In the end, curiously, the markets had a steady climb this week, rising almost 2% in the US and almost 1% for the other global markets. What gives?
Obviously, Harvey has dominated the headlines. The hurricane pummeled Houston, putting it under several feet of water. It has been a human tragedy that we have all seen on television, but in a way it’s oddly encouraging.
Houston is the 4th largest city in the country and it has just suffered a massive body blow. As bad as it is: 1) There is no doubt that Houston will recover and after a bit of time (probably much less than most would expect) the city will be back to normal. 2) The rest of the country has been cranking along just fine.
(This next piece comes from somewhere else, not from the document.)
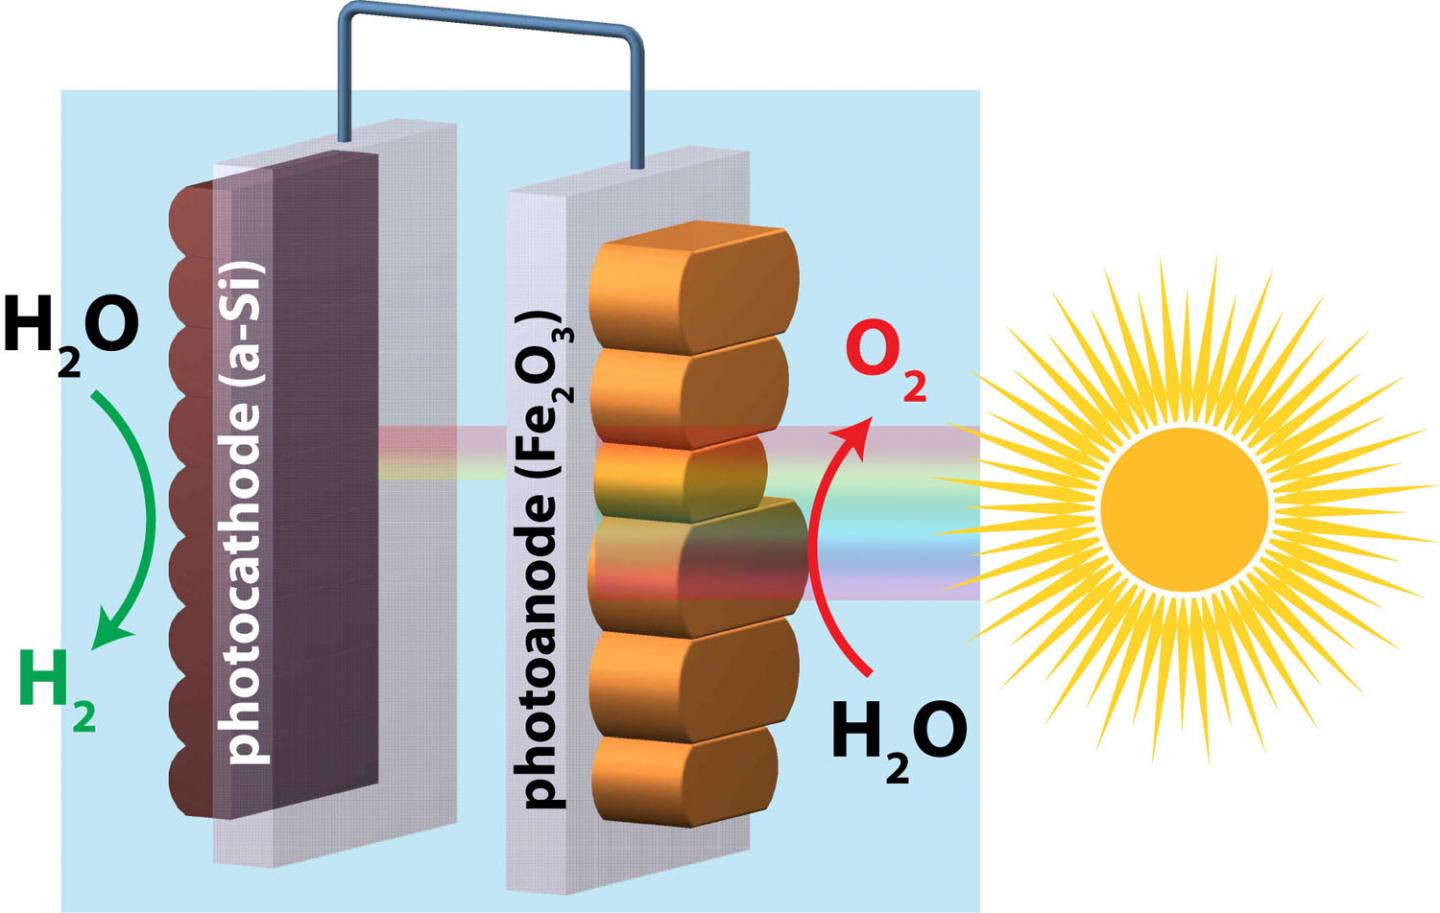 Water splitting combines sunlight and water in a chemical reaction in order to harvest clean hydrogen energy. By smoothing the surface of hematite, a team of researchers led by Boston College chemist Dunwei Wang achieved 'unassisted' water splitting using the abundant rust-like mineral and silicon to capture and store solar energy within hydrogen gas. Credit Courtest of Nature Communications 
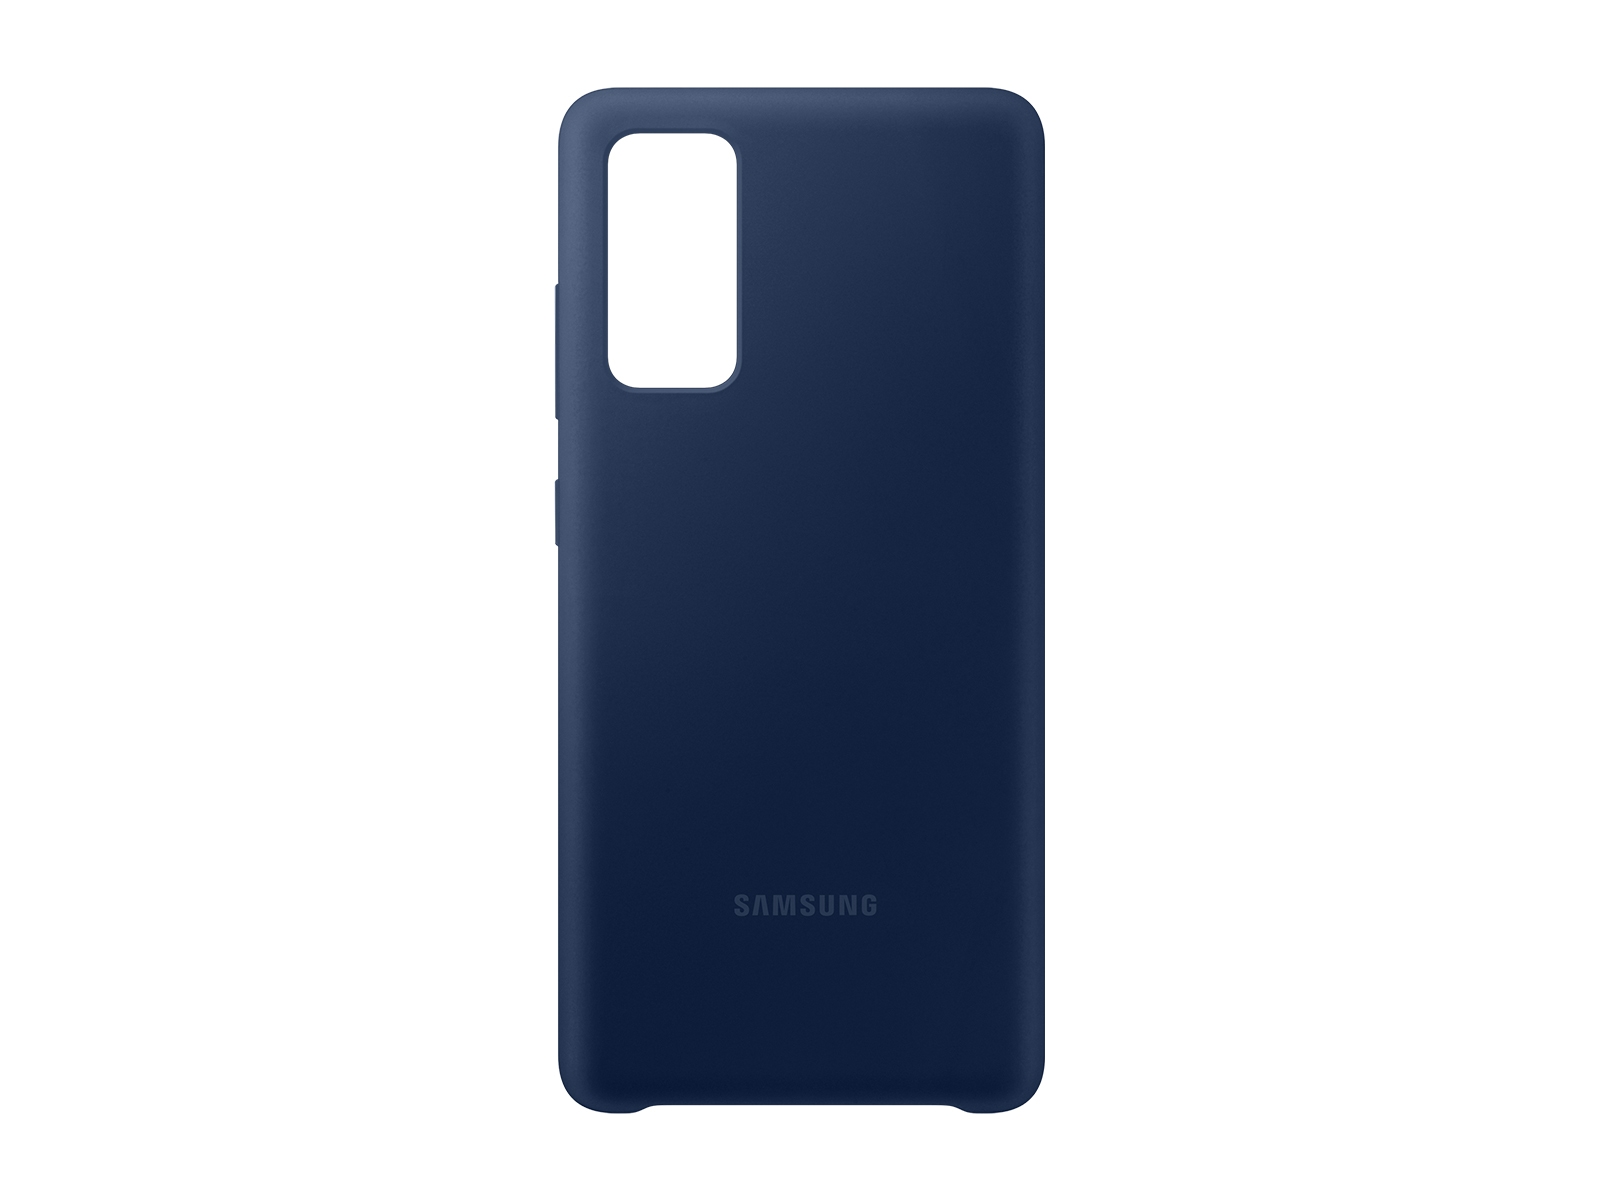 Galaxy S20 FE 5G Silicone Cover, Navy Mobile Accessories - EF-PG780TNEGUS

From a financial and investing perspective, that means we’ll feel a bit of a blip as Houston gets knocked down and then gets back to it’s feet, but it should be short and shallow, and then after not too long it will be like it never happened. That’s truly a testament to the amazing diversity and robustness of our economy.
Outside of Houston, the rest of us are feeling Harvey’s impact at the pump. About 20% of all gasoline is refined in the area impacted by the hurricane. Here in Greensboro, that has caused gas prices to jump from about $2.19 to $2.59.
This won’t last very long, as those refineries are going to be back online soon, but in the meantime, it will have an impact. This is a bit of a bummer, because the extra we are all paying for gas really isn’t going to anyone. People aren’t getting higher profits that they can spend or anything like that. One way to think of it is that extra money it’s being “swallowed up” by the closed refineries.
That’s what economists call a dead-weight loss, and it’s never good. Fortunately, it will be over soon.
Harvey’s destruction has obviously caused a lot of damage, in homes and businesses. The one that has hit the news is the peroxide plant which lost power and then blew up. Obviously that one instance is going to cost millions of dollars to repair.
The total tab for Harvey’s destruction is expected to come in at about $190 billion. That’s a tremendous amount of money, about the total GDP of an entire country like Greece. However, for the US that’s a bit of a drop in the bucket. That will come to about 1% of our nation’s GDP. One way to think of it is that every American will need to pony up about 1% this year to pay for Harvey’s damage. That’s a lot but definitely doable.
With all that damage from Harvey, how are stocks up so much?
The economy is strong, innovation is happening, and things are just plugging along. In fact, the economy just clocked in a 3% growth rate. In the past several years it has been pretty volatile but averaging more in the 2% range.
If this 3% growth becomes sustainable that’s a huge deal. That extra 1% pays for Harvey’s damage by itself. That extra 1% is a will really turbo boost the stock market. I think the optimism for that is keeping things at record levels.
So there you have it. With the dominate story being bad news, stocks were up, and that’s really a testament to how strong things are for the stock market right now.